▶ [EXERCISE AIM]: Once you reach the line containing "Eastpak x Telfar" in the entries below, write out that line and each one after it down to the line containing "Colonial Cafe Aurora Menu - 1", exactly and with nothing added.

▶ [WORKING DATA]:
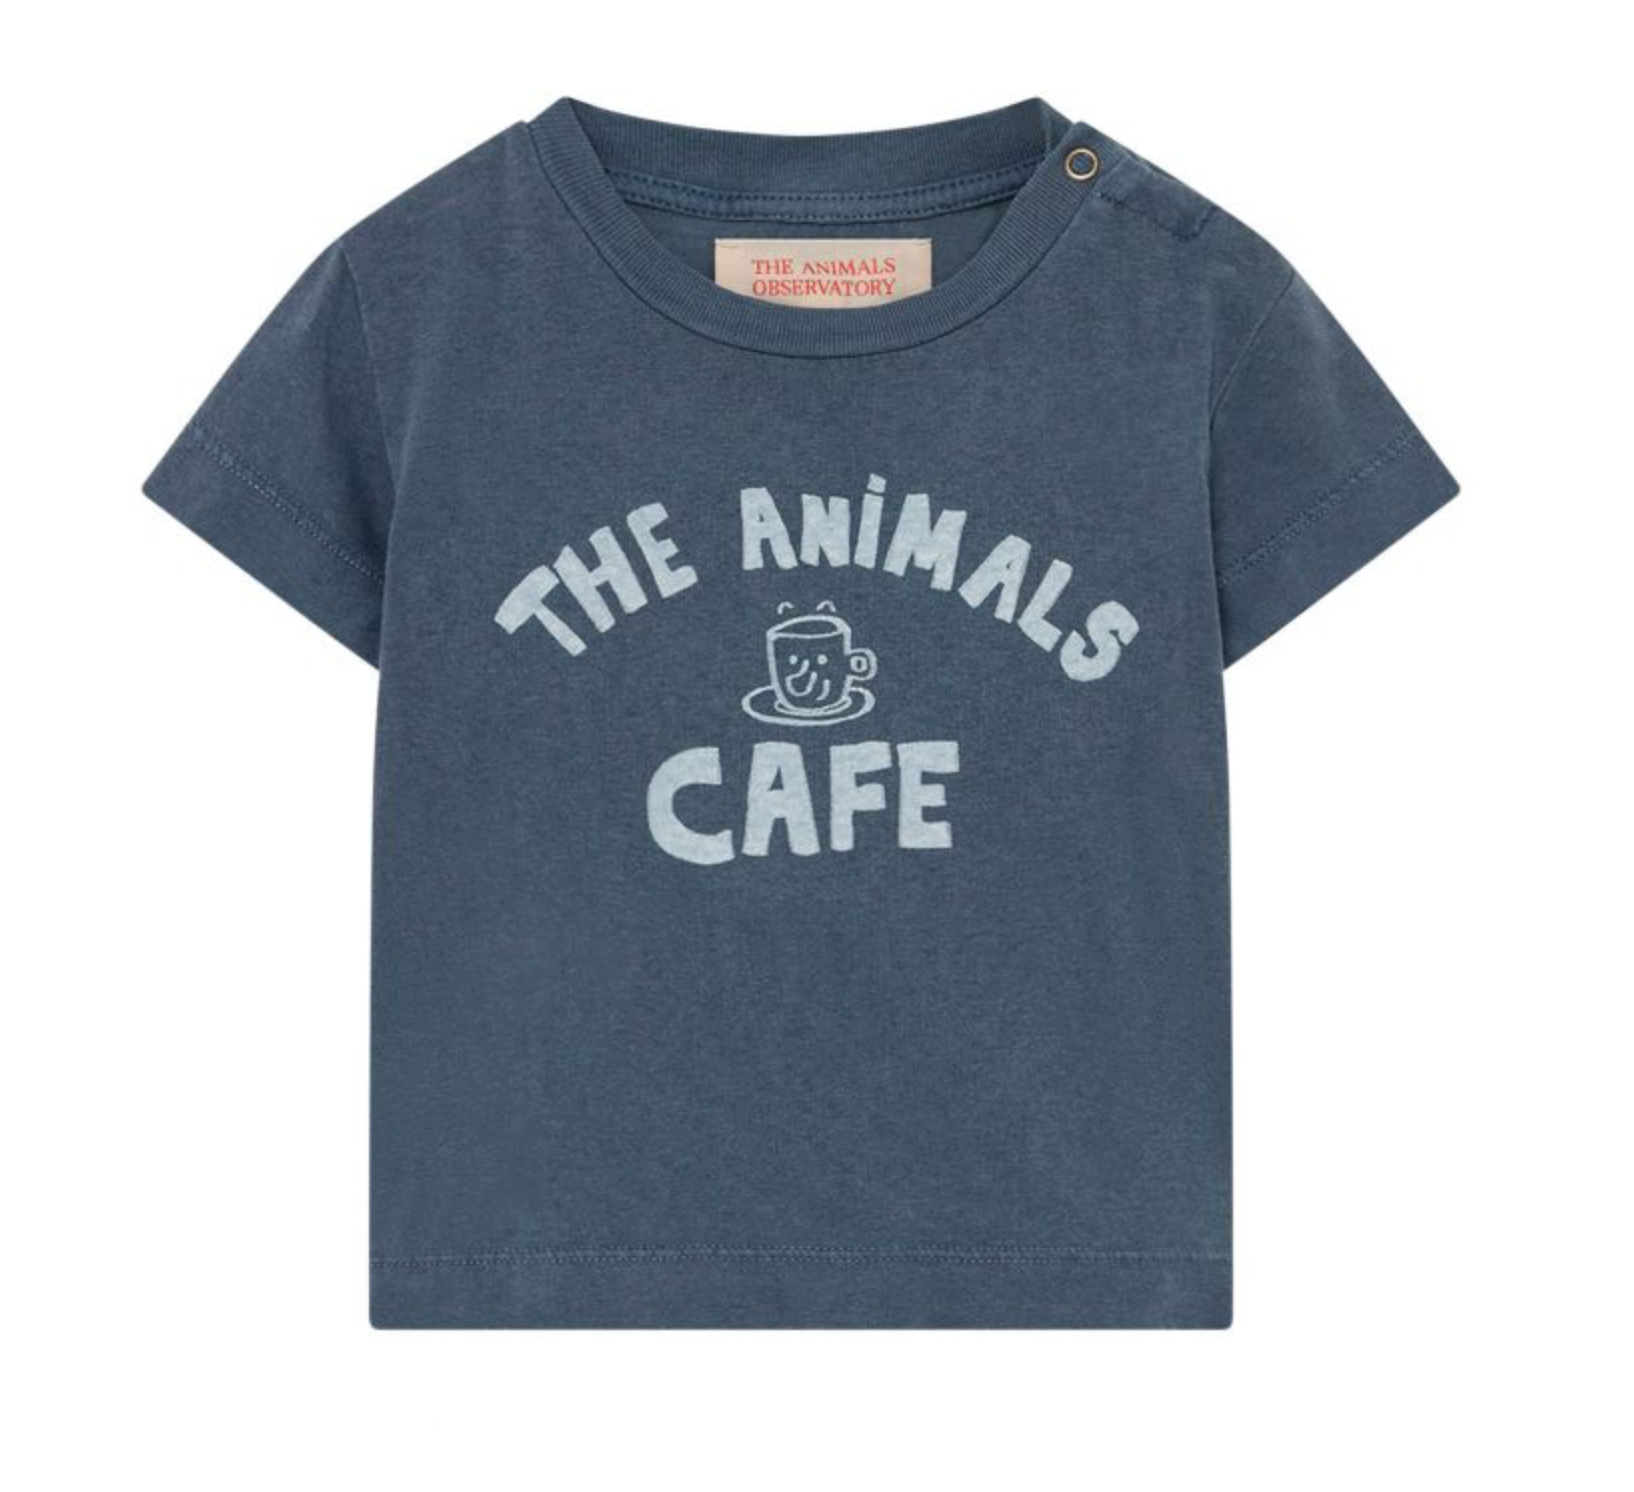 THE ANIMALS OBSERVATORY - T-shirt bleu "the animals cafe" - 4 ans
* * *
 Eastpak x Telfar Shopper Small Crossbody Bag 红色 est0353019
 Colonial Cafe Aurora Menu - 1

▶ [COMPLETED TASK]:
 Eastpak x Telfar Shopper Small Crossbody Bag 红色 est0353019
 Colonial Cafe Aurora Menu - 1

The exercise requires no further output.